The first distress call from the stricken South Korean ferry that sank on Wednesday was made by a boy to a fire station, minutes after the vessel began to go down.
The call was forwarded to the coastguard and was followed by about 20 others by phone from children to the fire brigade, a fire station officer said.
The Sewol ferry sank on a routine trip south from the port of Incheon to the traditional honeymoon island of Jeju.
Of the 476 passengers and crew on board, 339 were children and teachers on a high school outing. A total of 104 people are now known to have died, but another 198 are missing, presumed trapped inside the vessel.
The boy who made the call, with the family name of Choi, is among the missing.
His voice was shaking and sounded urgent, a fire officer told MBC TV. It took a while to identify the ship as the Sewol.
“Save us! We’re on a ship and I think it’s sinking,” Yonhap news agency quoted him as saying.
The fire station official asked him to switch the phone to the captain, and the boy replied: “Do you mean teacher?”
The pronunciation of the words for “captain” and “teacher” is similar in Korean.
Several crew members, including the captain, left the ferry as it was sinking, witnesses have said, after passengers were told to stay in their cabins.
President Park Geun-hye said on Monday that instruction was tantamount to an “act of murder”.

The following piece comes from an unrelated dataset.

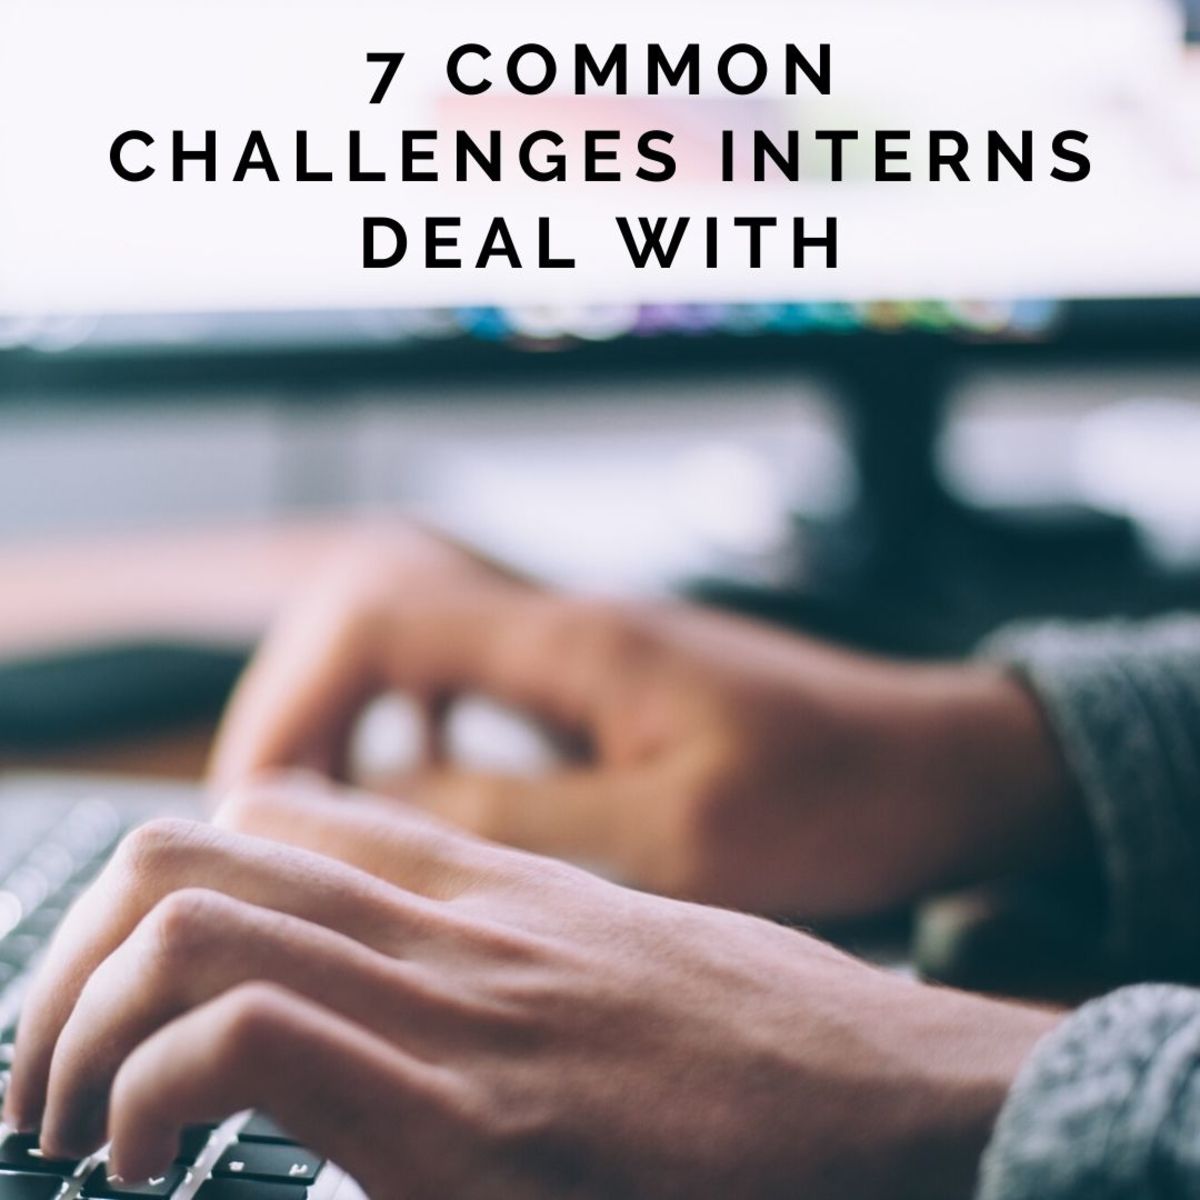 Here are seven common challenges interns are faced with.

Many of the children did not question their elders, as is customary in hierarchical Korean society.
Public broadcaster KBS, quoting transcripts of the conversation between the crew and sea traffic control, said the passengers were told repeatedly to stay put.
For half an hour, the crew on the third deck kept asking the bridge by walkie-talkie whether or not they should make the order to abandon ship, KBS said. No one answered.
On Tuesday, a crew member said the crew tried to launch lifeboats, but could not get near because of the tilt of the ship. News reports said he was a second mate but did not provide his name.
He was one of four who have been detained and charged with negligence. Captain of the ship Lee Joon-seok, 69, was not on the bridge when the ship turned.
Navigation was in the hands of a 26-year-old third mate who was in charge for the first time on that part of the journey, according to crew members.
The government on Tuesday released a timeline of the ferry’s last minutes, stable and afloat. It made its scheduled turn en route to Jeju at 8.49am. and started listing within a minute. By 8.55am it was drifting back on itself and keeling to port.
Mr Joon-seok, seen on television with his head lowered and covered, told reporters soon after the sinking he feared passengers would be swept away by the ferocious currents if they abandoned ship. He has not explained why he left the vessel.
In a confused exchange between the sinking Sewol and maritime traffic control released by the government, the crew said the ship was listing to port.
“Make passengers wear life jackets and get ready in case you need to abandon ship,” traffic control said.
The Sewol answered: “It’s difficult for the passengers to move now.”